"Y llegaron a Mara, y no pudieron beber las aguas de Mara, porque eran amargas; por eso le pusieron el nombre de Mara. Entonces el pueblo murmuró contra Moisés y dijo: ¿Qué hemos de beber? Y Moisés clamó a Jehová, y Jehová le mostró un árbol; y lo echó en las aguas, y las aguas se endulzaron. Allí les dio estatutos y ordenanzas, y allí los probó". Exodo 15:23-25
Después de haber caminado durante tres días y cuando las provisiones de agua casi se habían agotado, los israelitas contemplaron con alegría un oasis hermoso enclavado en la soledad calcinante del desierto. La vista era maravillosa: mucha agua fresca y generosos árboles que ofrecían su sombra a los cansados viajeros. Algunos corrieron para ser los primeros en refrescarse y fueron los primeros en chasquearse. Las aguas eran buenas sólo en apariencia, estaban amargas. No podía haber una situación más desoladora: cientos de miles de personas sedientas en el ardiente desierto contemplaban agua que era incapaz de saciar su sed. Allí empezó a surgir una ola gigante de descontento contra Moisés. Gran parte del pueblo, olvidándose de la columna de fuego y el victorioso paso por el Mar Rojo, dudaron que sea Dios quien los estaba guiando.
¡Cuán fácilmente sucumbimos frente al desaliento! ¡Cuánta paciencia y misericordia habitan en el eterno corazón del Altísimo! No habían pasado muchos días del milagroso paso a través del Mar Rojo cuando otra vez Israel estaba dudando de la dirección divina. Dios permite que pasemos por la experiencia solitaria del desierto y lleguemos hasta las aguas amargas para cumplir su propósito en nuestra vida: prepararnos para ser ciudadanos de la tierra prometida celestial. Cada detalle de nuestro itinerario de peregrinación en esta vida está diseñado para el perfeccionamiento de nuestro carácter. Dios estaba guiando a Israel por el desierto, en su programa divino figuraba el pasar por este lugar de aguas amargas. Recuerda siempre que hay un propósito divino detrás de todo momento de amargura y que toda prueba contiene una enseñanza.
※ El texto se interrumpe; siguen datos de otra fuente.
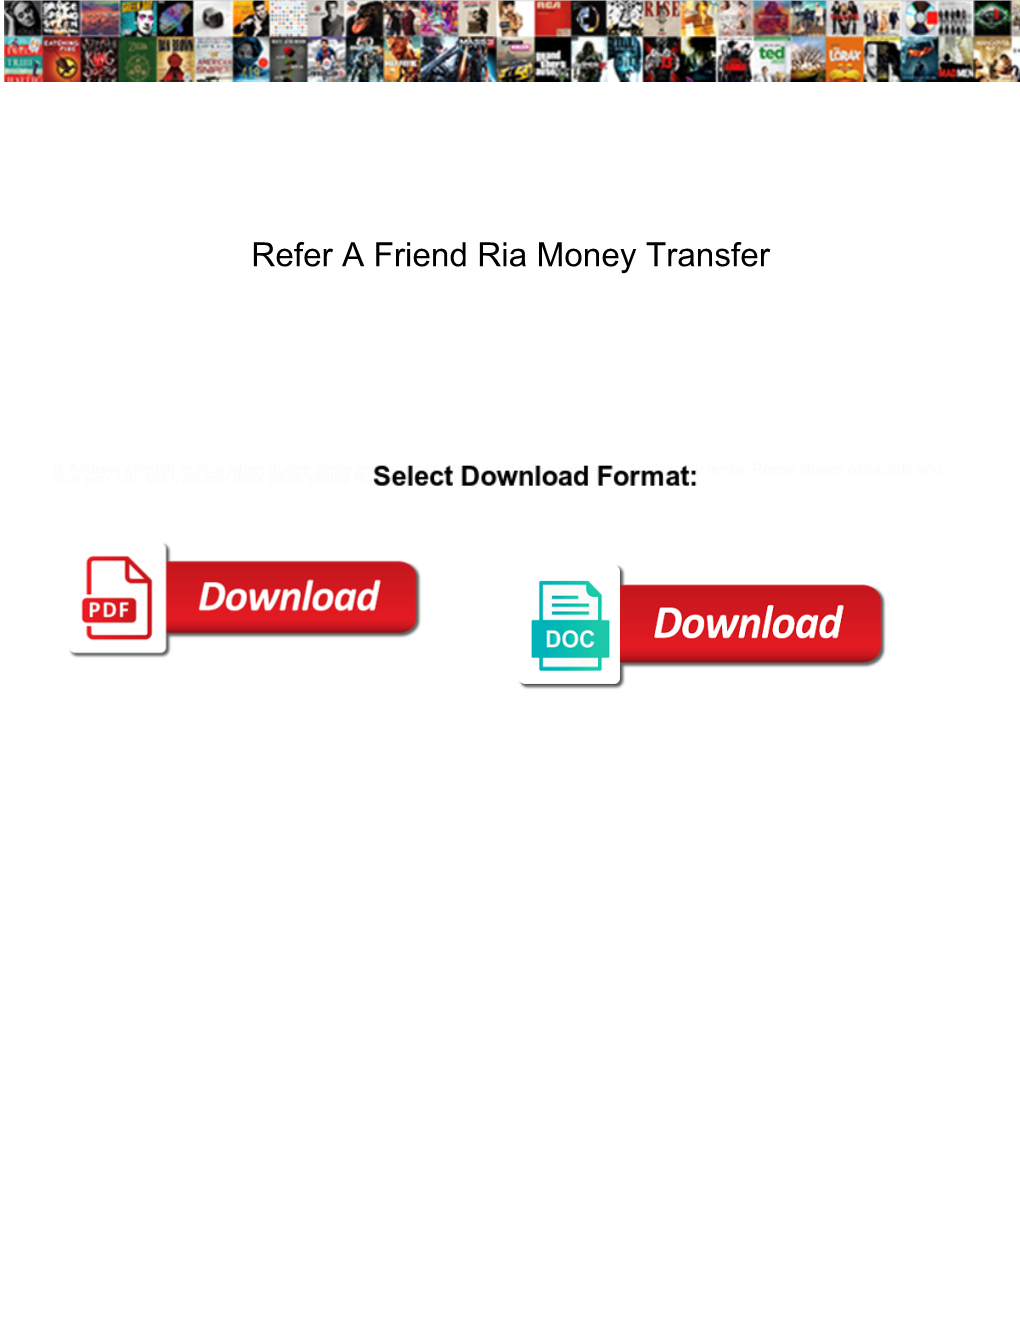 Refer a Friend Ria Money Transfer

La primera lección que encontramos en el texto de hoy se podría resumir en la siguiente declaración: "No es el propósito de Dios que bebamos del agua amarga, sino que reconozcamos su poder para tornar dulce lo amargo". Cuando tomamos agua fresca y buena, ésta llega a ser parte de nuestro organismo y ayuda decisivamente al mantenimiento de una buena salud. El agua amarga, por el contrario, no sólo tiene mal sabor sino que puede originar graves enfermedades. Evidentemente el agua amarga no es para tomarla. Dios no había conducido a su pueblo hasta ese lugar para que beban de aquella fuente enferma, sino para probar su fe y darles una contundente evidencia de su poder. Si el pueblo hubiese tenido la fe suficiente, ellos no habrían clamado a Moisés "¿Qué hemos de beber?", hicieron eso demostrando patéticamente que su confianza estaba en un ser humano y no en Dios. Un pueblo con fe deposita toda su confianza en la Roca de los siglos, no en la extrema debilidad de un hombre. Es triste enfrentar las aguas amargas de la vida sólo con mi débil fuerza humana, es mejor depender por completo en Aquél que es capaz de tornar la amargura en dulzura y las lágrimas en cantos de agradecimiento y alegría.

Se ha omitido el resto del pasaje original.